Right after the earthquake in Nepal in 2015, I felt restless being stuck in Korea with my hands completely cuffed. To get a little peace of mind and feel like I am contributing somehow, I took a class in remote sensing at Seoul National which led me to write this journal paper [HERE]. The thing is, if you have ever worked on imagery data either from USGS or ESA, you will know that products are 1) very large, that 2) you will need a proper software to open those products (not free) and that it takes an excruciatingly long time to get one image processed. For instance, a data product with all the bands can be up to and not limited to 1.5 GB, which then needs to be opened through a software like ESRI, create a ROI (Region of Interest) and then do the actual processing. That's for ONE image. 

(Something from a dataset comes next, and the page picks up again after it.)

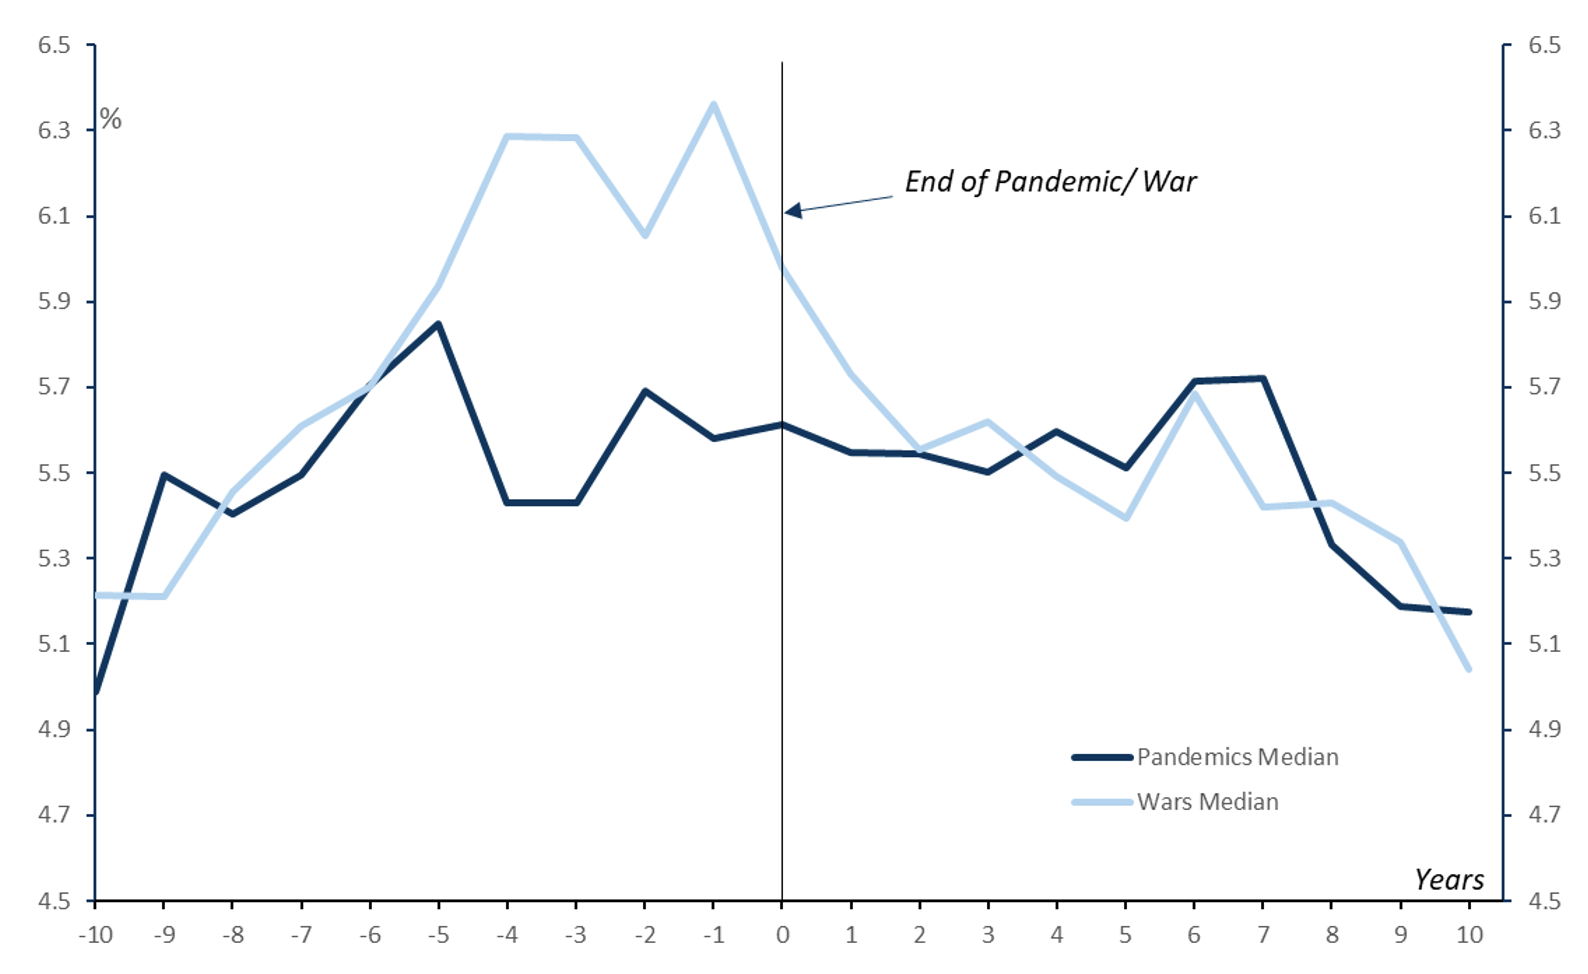 Figure 4. Bond Yields Rise Much More During Wars than Pandemics

Enter google's Earth Engine [HERE], which disrupts the process pretty spectacularly. With a few lines of coding [Do the code HERE], you are able access large datasets from all open satellite imagery, filter bands, create a preview on the website itself through it's Javascript based API (Application Programming Interface) and export the ROI onto your drive. Very neat. What's also interesting is the ability to create thumbnails of any data that's been previewed. 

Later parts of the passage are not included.